I tried to control my face expression closing my fists and stuffing them into my old and very worn sweatpants. Maury honestly didn't care much about my grades and most likely my life, but he definitely had to fake his job and act like he cared. Like right now, he was trying to get me to teach myself a lesson.

"I know they are bad," I folded my arms as he gave me a blank look as if he wanted me to add more. "And I'll do better."

"Alright good," Maury dismissed me. I guess that was a que I could go back to my room.

School wasn't really my priority. In fact, the only reason I had an A in Psychology was because I was actually interested in human behavior. I was educating myself down a variant path that might confuse others.

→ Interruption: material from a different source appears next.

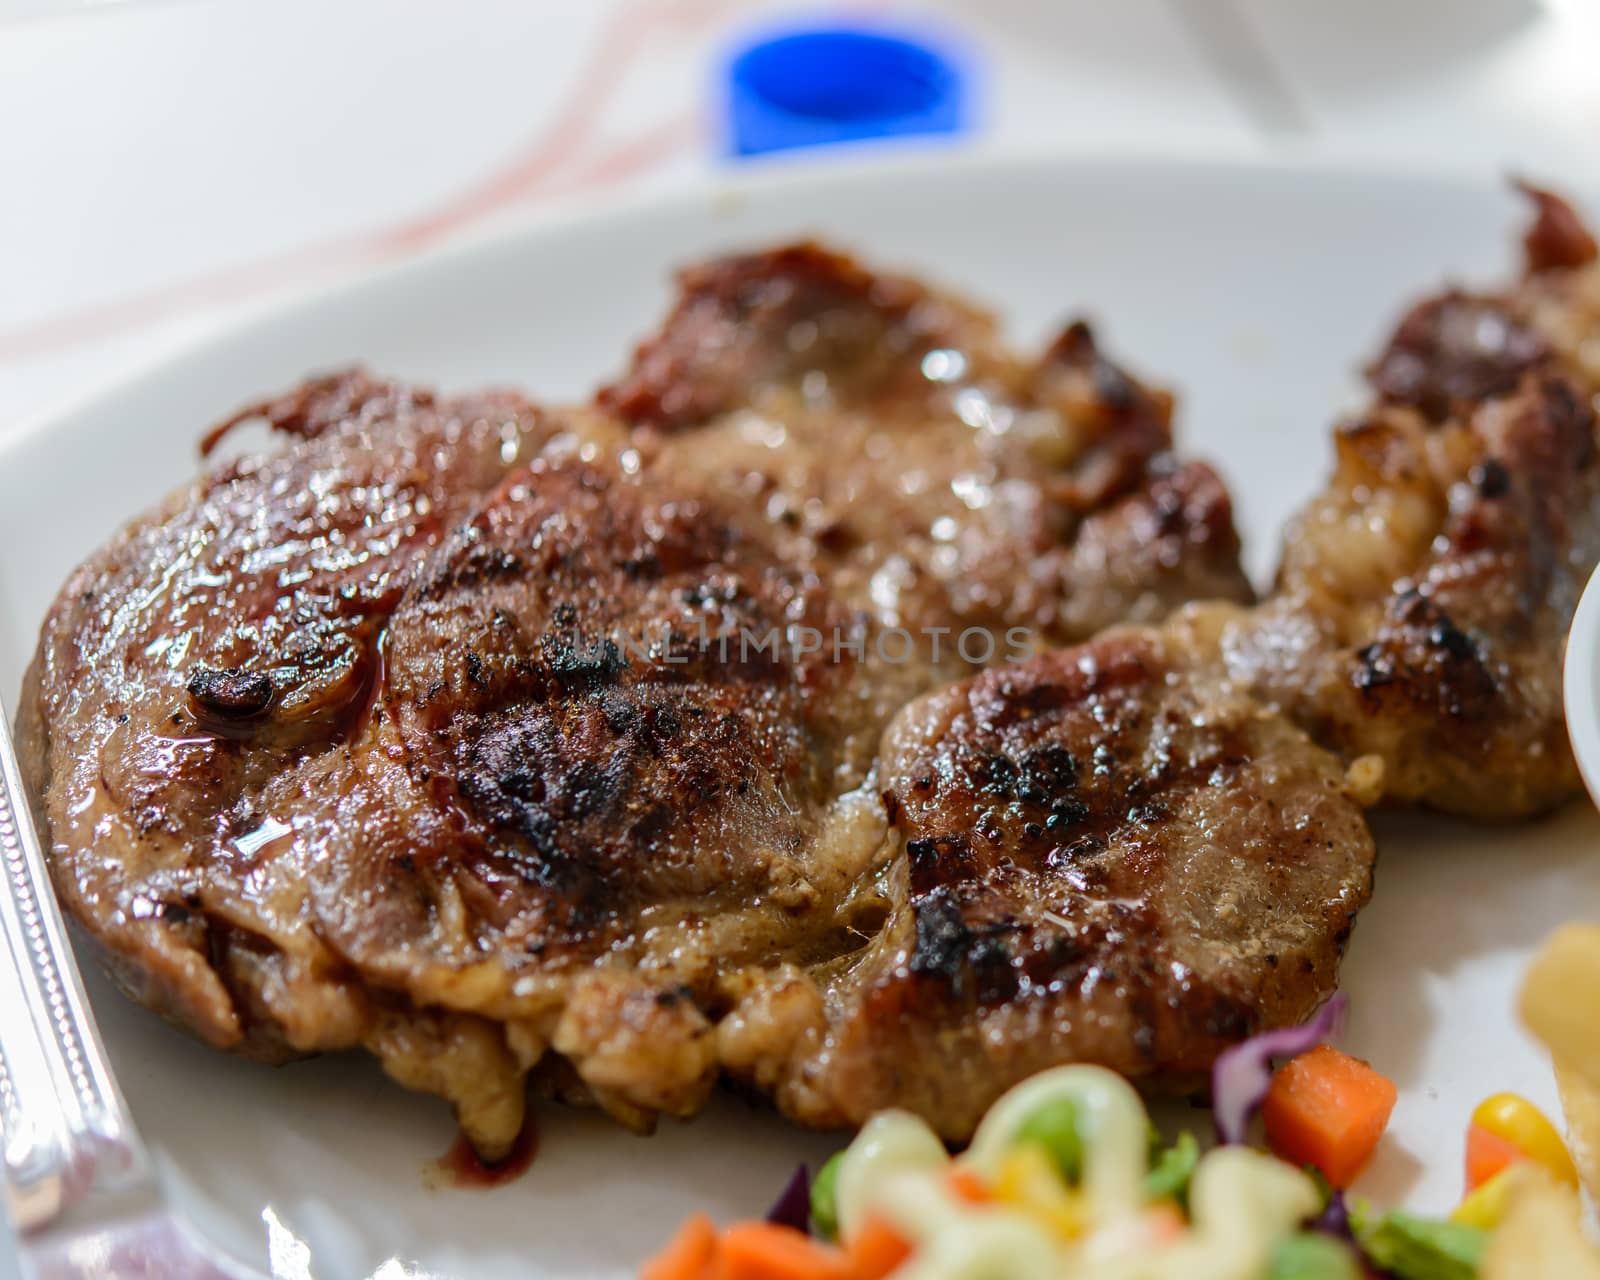 Beef steak on plate.Soft focus.

I took my backpack and headed back downstairs stopping at the door to lace my shoes. "Maury I'm leaving."

"Be back before nine," He didn't even turn his head.

"Got it," I closed the door behind me.

Currently I lived fifteen minutes away from the nearest city a solution that could be solved with a quick walk to the trolley. It wasn't a rare that I would see people from the home taking or selling drugs.

A great sight, really.

The sight in the city was probably better though it depended on how much money you had. With heavy pockets you had a view of everything. A struggling mom had a view of homeless junkies while they slowly metamorphosed into the final stage of unbearable death. But I mean it's still nice in a way.

Yet I wasn't there for the view, the perspective. Broad City had the biggest library in the state with a deep and strong grip onto it's roots. I could find everything I needed and more. The best benefit could be that a sprinkle of people cared about to building allowing me to embrace the silence and seclusive nature of a library I never got at home. I would grab a good six or seven books sit at a table and scan for records that could possibly be important.

Today was different

Today I got hit by a car-or what many romantics call, fate.